Multivariable Analysis of Characteristics Associated With Quality Scores a
| Detsky Score | mROB Score | |||
|---|---|---|---|---|
| Variable | β (95% CI) | P | β (95% CI) | P |
| Area of body | ||||
| Shoulder | 10.9 (5 to 16.9) | <.001 | 1.4 (0.5 to 2.3) | .002 |
| Elbow | 10.3 (1.7 to 19) | .018 | 1.5 (0.2 to 2.9) | .02 |
| Hip/thigh | 7.4 (–1.2 to 16) | .09 | 0.7 (–0.6 to 2.1) | .28 |
| Knee/leg | 8.2 (2.8 to 13.6) | .003 | 1 (0.2 to 1.8) | .02 |
| Foot and ankle | 6.6 (0.9 to 12.2) | .022 | 0.6 (–0.3 to 1.4) | .20 |
| Multi/injury prevention | Reference | Reference | ||
| Type of intervention | ||||
| Drug | –3 (–7.6 to 1.4) | .18 | 0.6 (–0.1 to 1.3) | .08 |
| Nonsurgical | 2.4 (–1.5 to 6.4) | .23 | 0.3 (–0.3 to 1.0) | .32 |
| Surgical | Reference | Reference | ||
| Follow-up time | ||||
| <4 wk | 3.3 (–3.6 to 10.3) | .34 | 1.8 (0.8 to 2.7) | <.001 |
| 1 to <12 mo | 9.2 (4.7 to 13.7) | <.001 | 1.5 (0.8 to 2.1) | <.001 |
| 12 to <24 mo | 8.4 (4 to 12.8) | <.001 | 1.5 (0.9 to 2.1) | <.001 |
| 24 to <36 mo | 6.4 (1.7 to 11.2) | <.001 | 1 (0.3 to 1.6) | <.001 |
| 36 to <60 mo | 6.6 (–1.3 to 14.6) | .089 | 0.8 (–0.2 to 1.8) | .109 |
| ≥5 y | Reference | Reference | ||
| PRP | ||||
| Yes | 2.9 (–2.5 to 8.2) | .29 | –0.04 (–0.8 to 0.8) | .91 |
| No | Reference | Reference | ||
| Trial registered | ||||
| Yes | 4.2 (1.2 to 7.2) | .007 | 0.4 (–0.1 to 0.8) | .12 |
| No | Reference | Reference | ||
| Primary outcome clearly stated | ||||
| Yes | 5.9 (2.9 to 8.8) | <.001 | 0.8 (0.3 to 1.2) | <.001 |
| No | Reference | Reference | ||
| Follow-up of previously published trial | ||||
| Yes | –0.9 (–4.6 to 2.8) | .62 | 0.08 (–0.5 to 0.6) | .78 |
| No | Reference | Reference | ||
| Authors disclosed COI | ||||
| Yes | 2.5 (–0.9 to 5.8) | .15 | 0.2 (–0.2 to 0.7) | .34 |
| No | Reference | Reference | ||
| Grant funding | ||||
| Yes | 2.4 (–0.5 to 5.3) | .11 | — | |
| No | Reference | — | ||
| Placebo controlled | ||||
| Yes | — | 0.1 (–0.6 to 0.3) | .55 | |
| No | — | Reference | ||
a Dashes indicate variables not included in the analysis. Bold P values indicate statistical significance (P < .05). COI, conflict of interest; mROB, modified Cochrane risk-of-bias; multi, multiple; PRP, platelet-rich plasma.
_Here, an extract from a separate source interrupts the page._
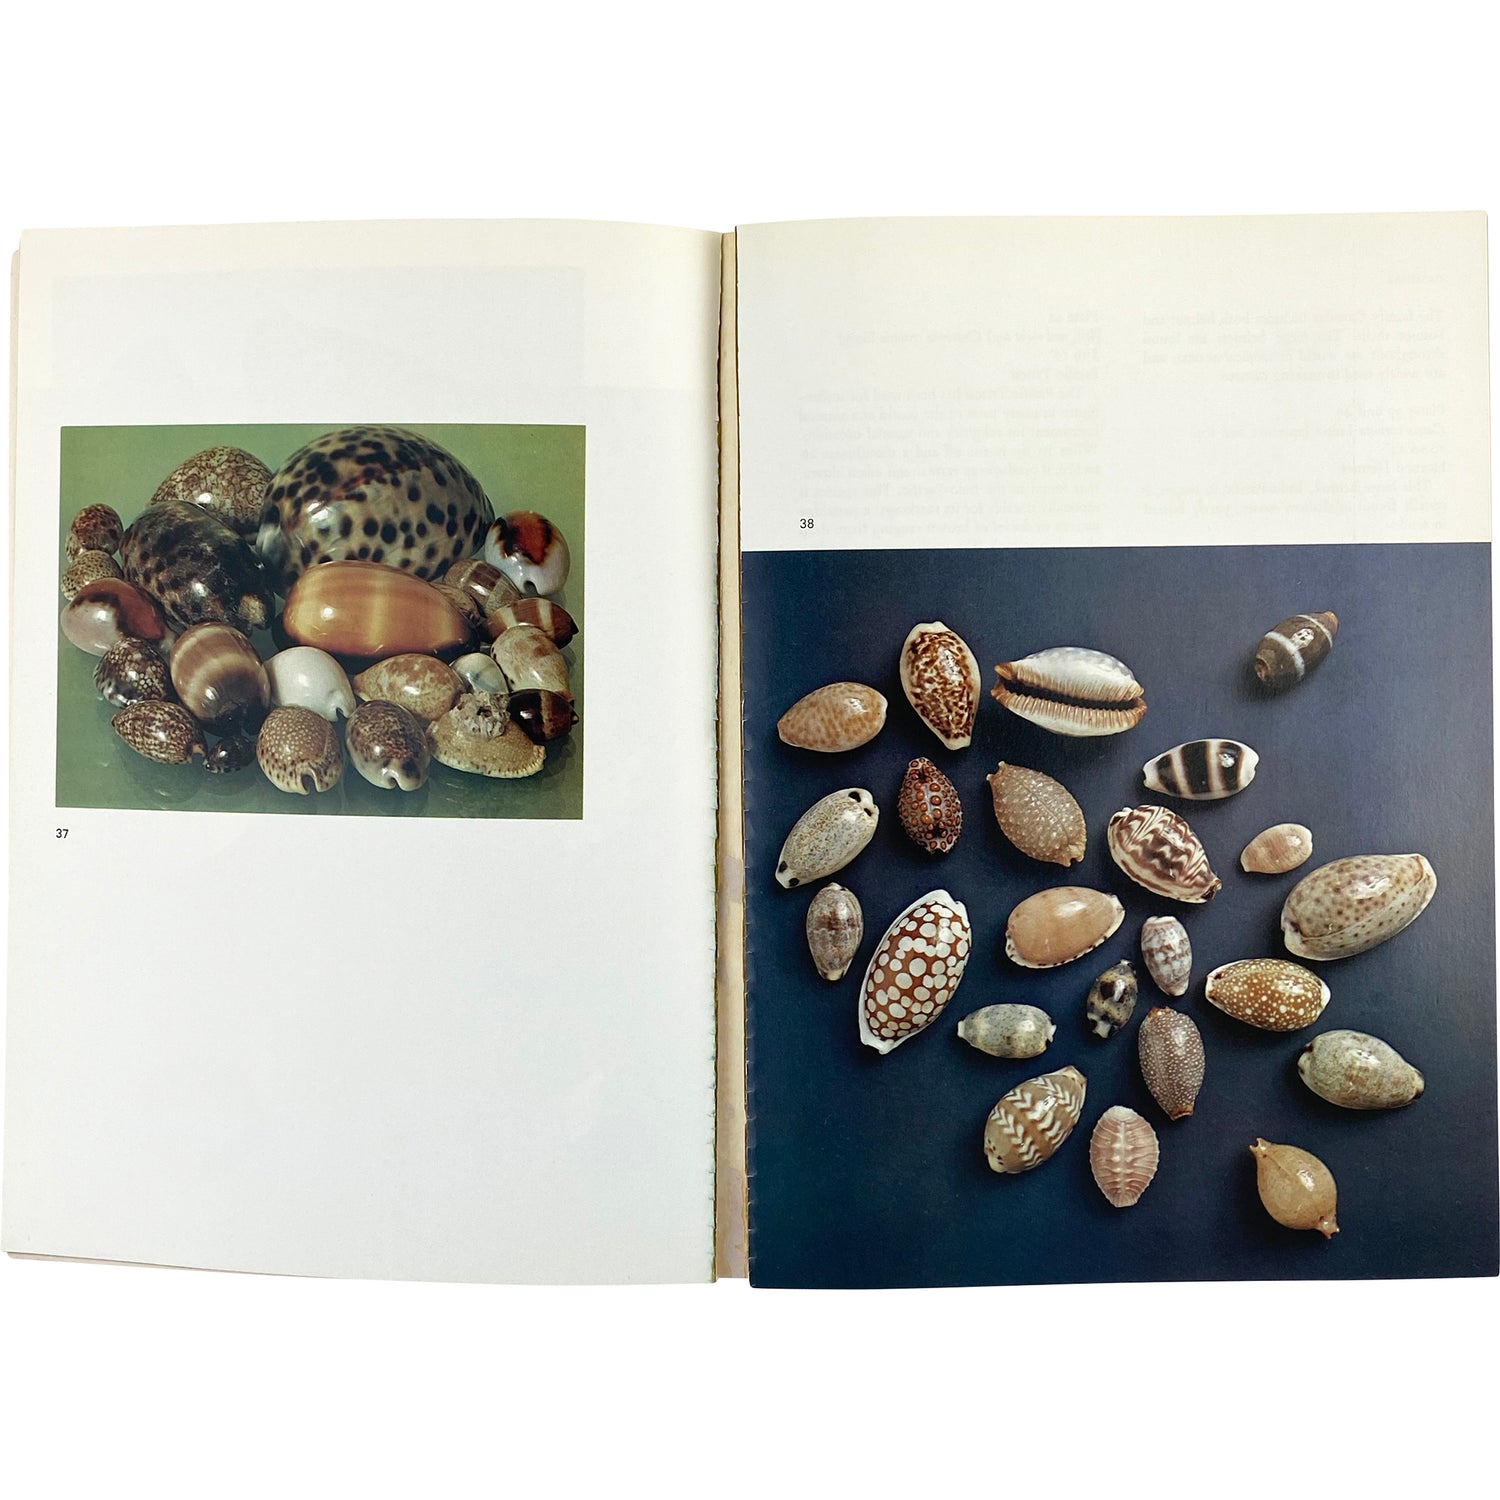 THE SHELL - 500 MILLION YEARS OF INSPIRED DESIGN BOOK

Detsky scores significantly increased over time between 1990 and 2020 (β = 3.5 [95% CI, 2.5-4.5]; P < .001). The overall mean-transformed Detsky score increased significantly from t1 (68.2% ± 9.8%) to t2 (82.7% ± 11.6), and again from t2 to t3 (87.4% ± 10.2%) (P < .001 for both) (see Table 2). The Detsky score was strongly correlated with the year of publication (r = 0.83). The mean sample size, proportion of multicenter collaborations, number of industry-funded studies, and significant findings did not change over time (see Table 2).
Risk-of-Bias Assessment
The overall interrater agreement for the mROB score was 0.88 (95% CI, 0.72-1), corresponding to a very high agreement (Supplemental Table S4). The mean mROB assessment score was 6.6 ± 0.1 points (Figure 2). The domains of “treatment-administrator blinding” (30/277) and “loss to follow-up >5%” (86/277) had the lowest scores, indicating a prevalent risk of study bias in these categories (Supplemental Table S5).
Figure 2.
Number of randomized controlled trials published in AJSM and the mean mROB score, 1990 to 2020. The Pearson correlation coefficient for the number of studies versus the year of publication, r = 0.89; for the mROB score versus the year of publication, r = 0.76. AJSM, The American Journal of Sports Medicine; mROB, modified Cochrane risk-of-bias.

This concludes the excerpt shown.